To do:
Please return the listing below word for word, minus its pictures.

Information supplied:
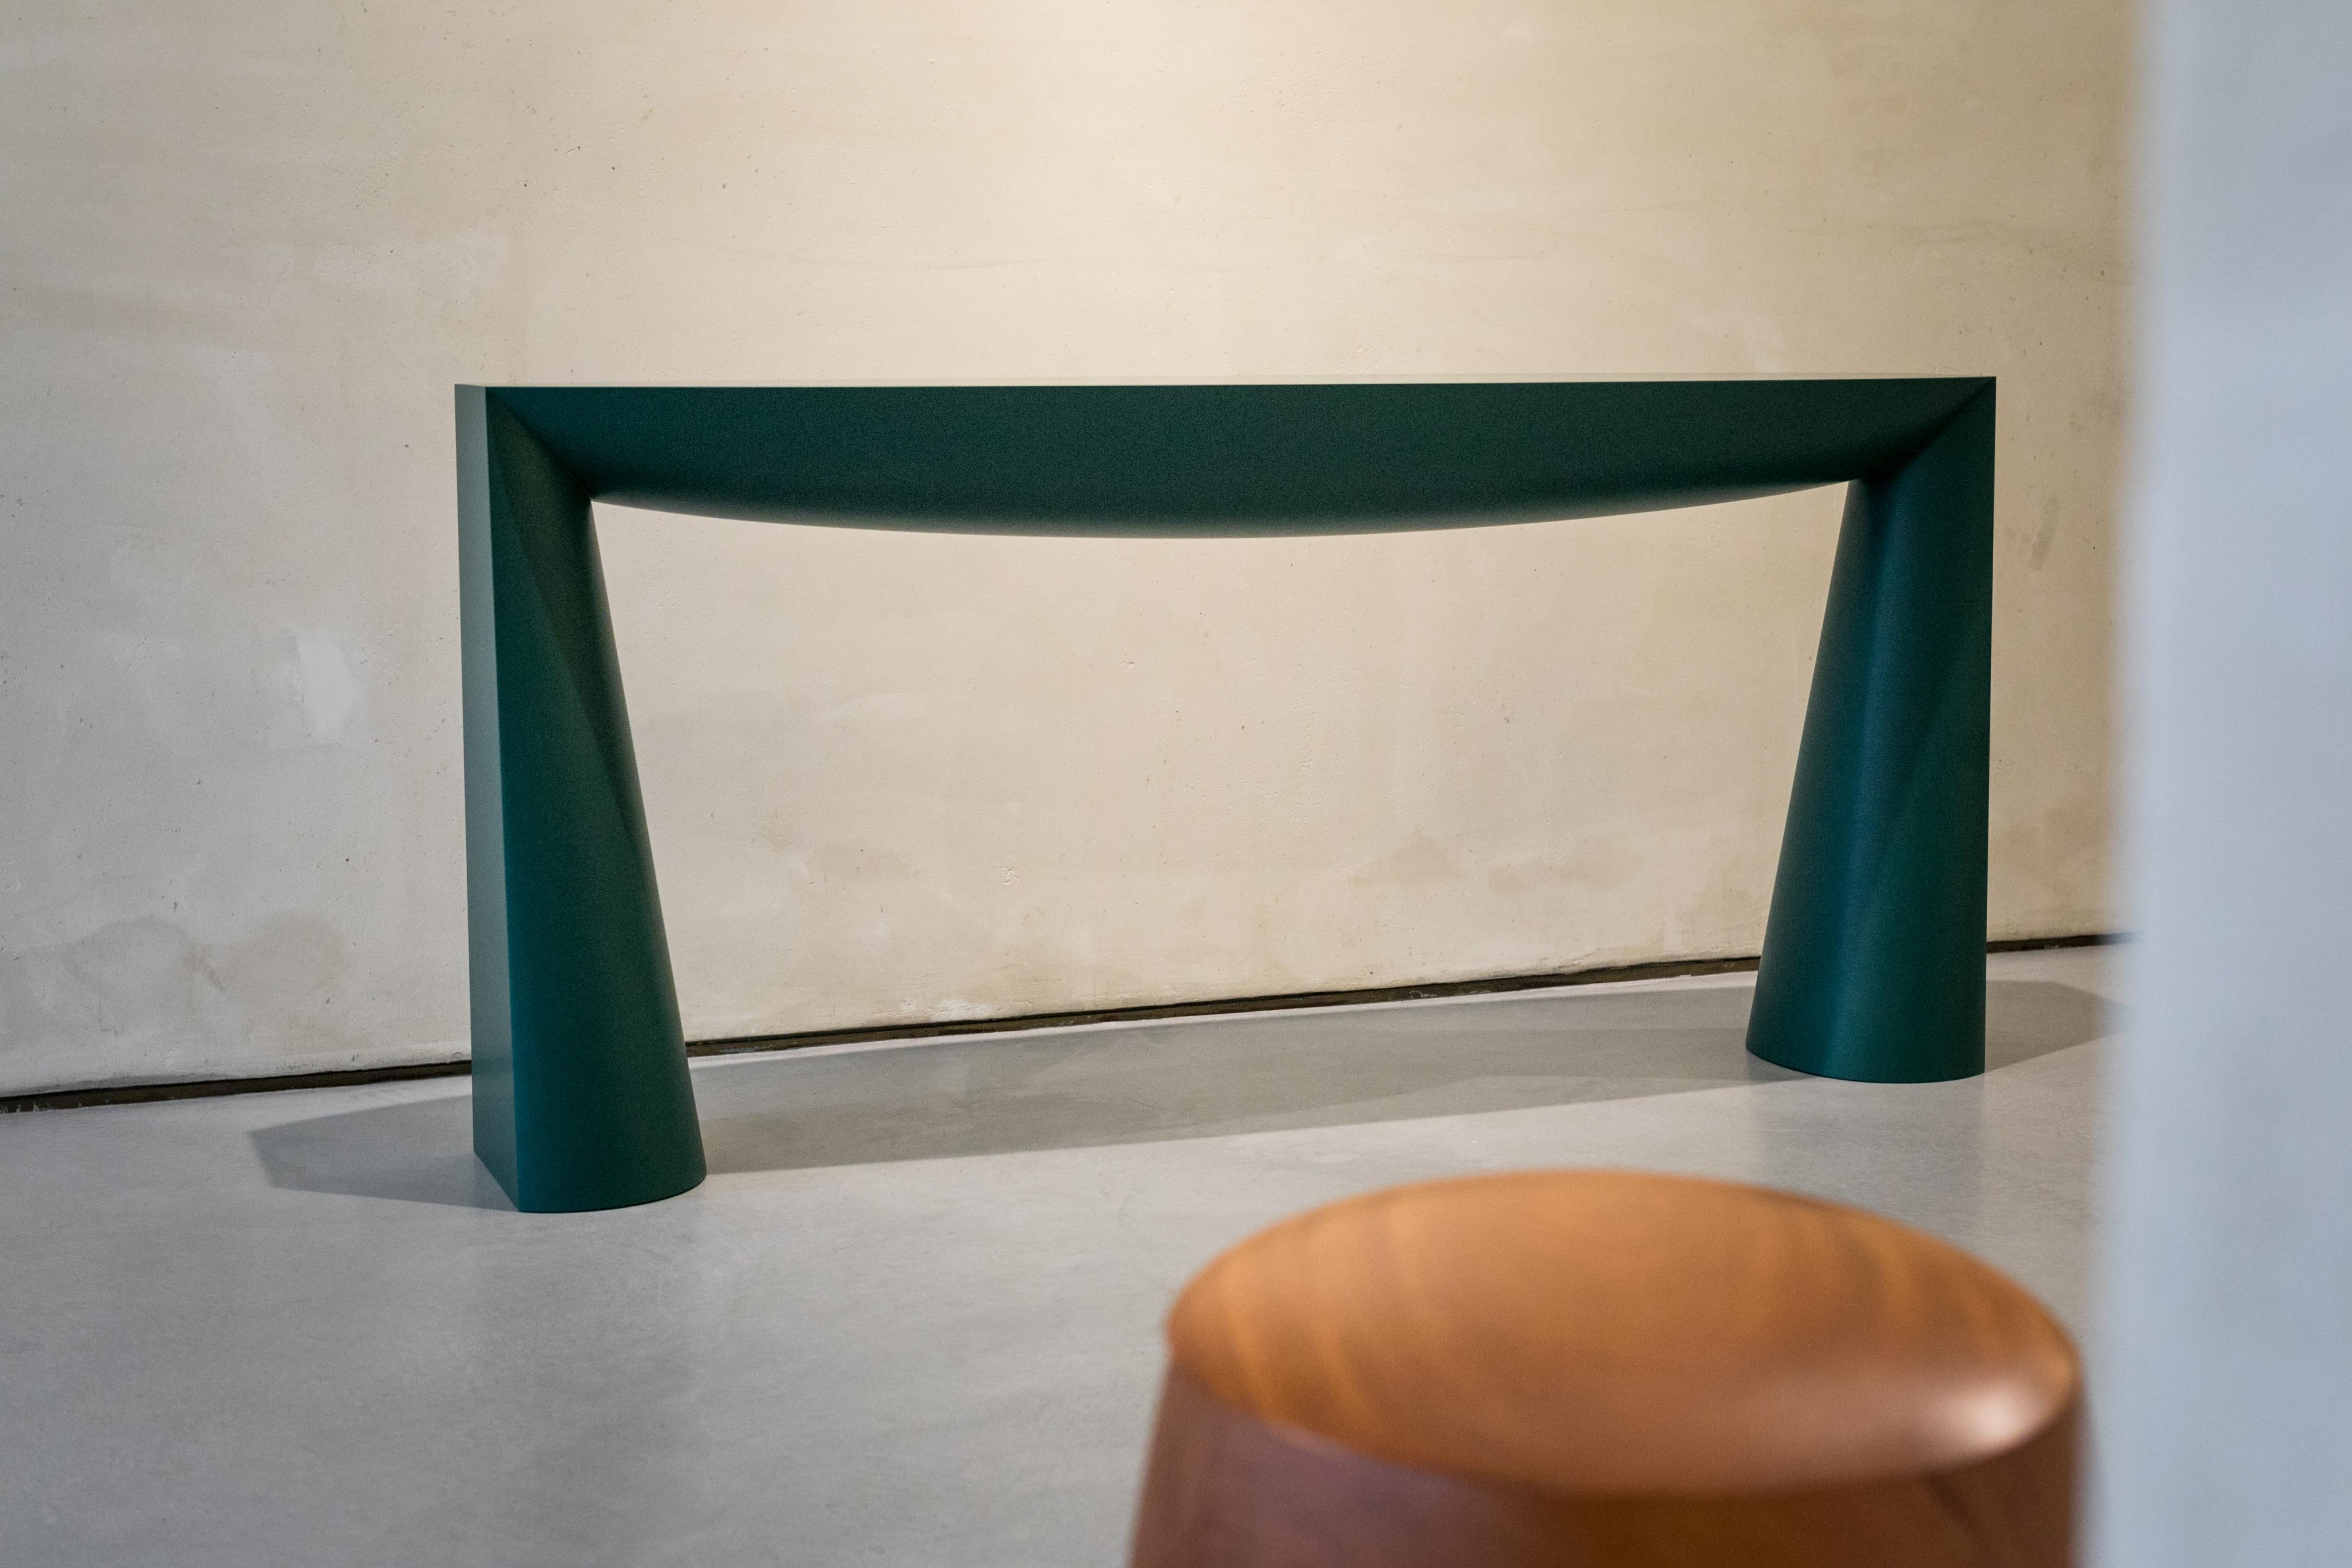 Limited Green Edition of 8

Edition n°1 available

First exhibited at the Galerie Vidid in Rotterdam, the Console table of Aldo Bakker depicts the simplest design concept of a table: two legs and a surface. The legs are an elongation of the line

Final answer:
 Limited Green Edition of 8

Edition n°1 available

First exhibited at the Galerie Vidid in Rotterdam, the Console table of Aldo Bakker depicts the simplest design concept of a table: two legs and a surface. The legs are an elongation of the line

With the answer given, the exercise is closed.